Konjunkturprognose gesenkt
Und eine Verbesserung scheint nicht in Sicht: Finanzminister Pierre Moscovici hat jetzt auch die Konjunkturprognose für dieses und das kommende Jahr deutlich gesenkt. Demnach wird es 2013 nur ein Miniwachstum von 0,1 Prozent geben, für das Jahr 2014 werden 1,2 Prozent erwartet. Ursprünglich war ein Wachstum von 0,8 Prozent für dieses und 2,0 Prozent für das nächste Jahr angepeilt worden.

Grande Nation profitiert von Deutschland
Seine Bewertung der Situation Frankreichs decke sich allerdings nicht mit der Einschätzung des Finanzmarktes, betont Mayer. Frankreich profitiere am Markt von seiner politischen Nähe zu Deutschland. Doch gerade das habe keine positiven Auswirkungen für den Staat: Der Druck, Reformen in Angriff zu nehmen, fehle.

Experte sieht "erheblichen Nachholbedarf"
Um nicht endgültig ins Trudeln zu geraten, sollten Italien und Belgien Mayer zufolge vor allem ihre Staatsverschuldung senken - und ihre Haushalte sanieren. Darüber hinaus müsse Malta seinen Bankensektor schrumpfen.

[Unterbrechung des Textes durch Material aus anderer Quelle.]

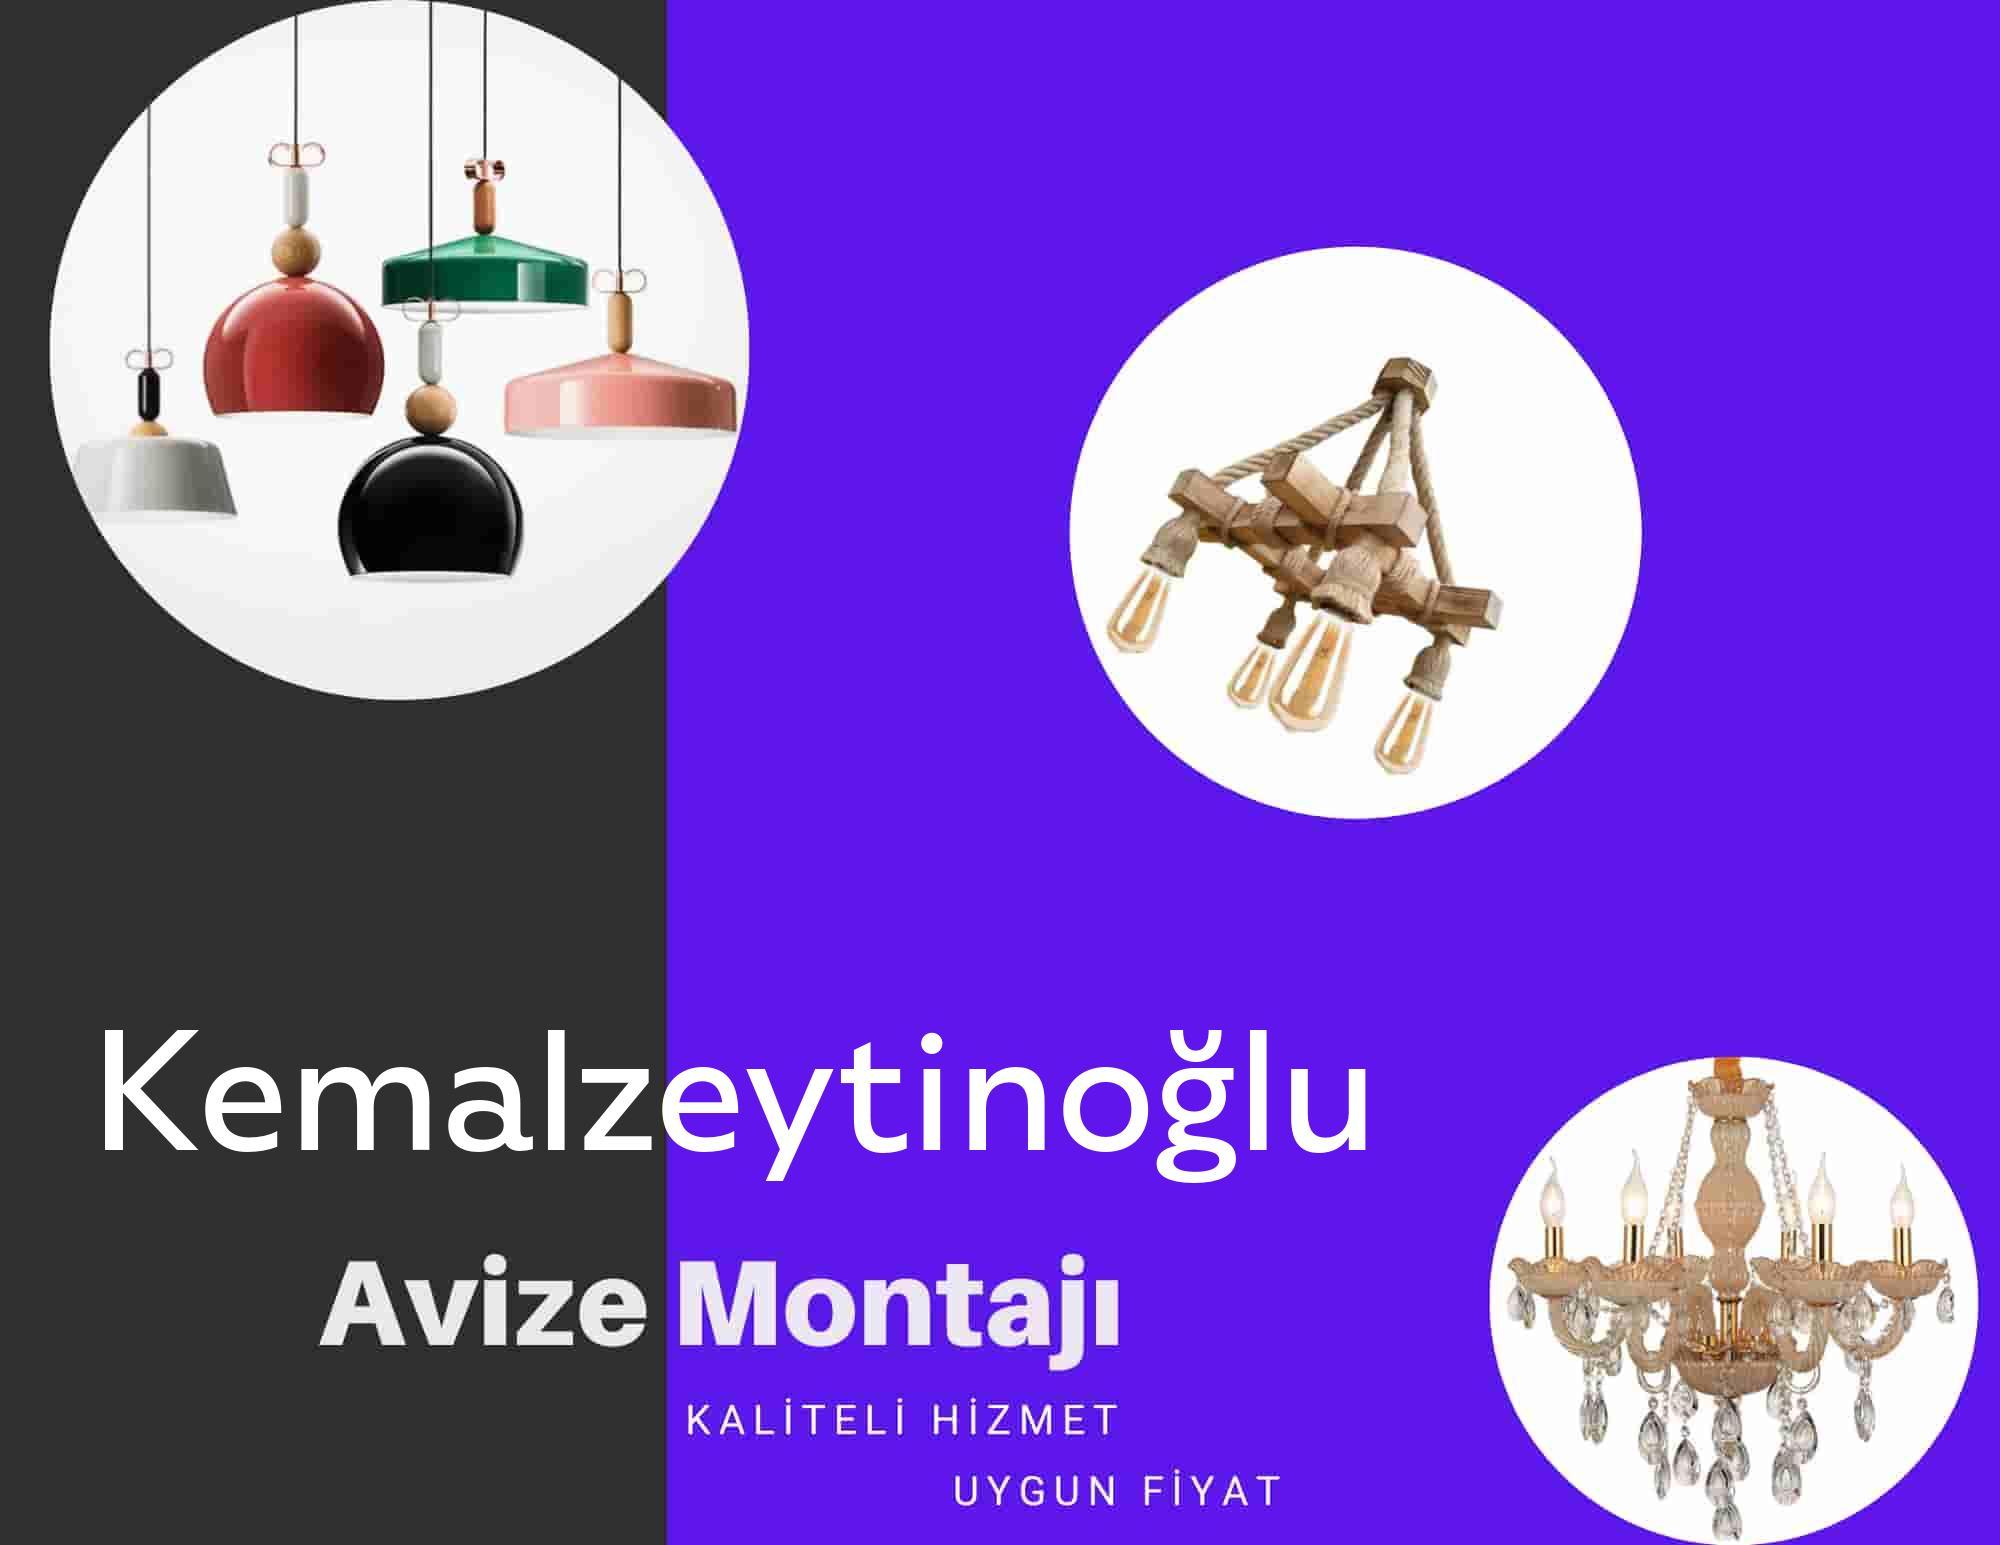 Kemalzeytinoğlu de avize montajı yapan yerler arıyorsanız elektrikcicagir anında size profesyonel avize montajı ustasını yönlendirir.

Frankreich habe "erheblichen Nachholbedarf in beinahe allen Bereichen" - außer der Größe seines Finanzsektors.
Und auch Mayers Prognose klingt nicht übermäßig optimistisch: Alle Länder unter dem Rettungsschirm hätten "noch eine gute Wegstrecke vor sich", bevor sie wieder das Vertrauen der Märkte genießen könnten.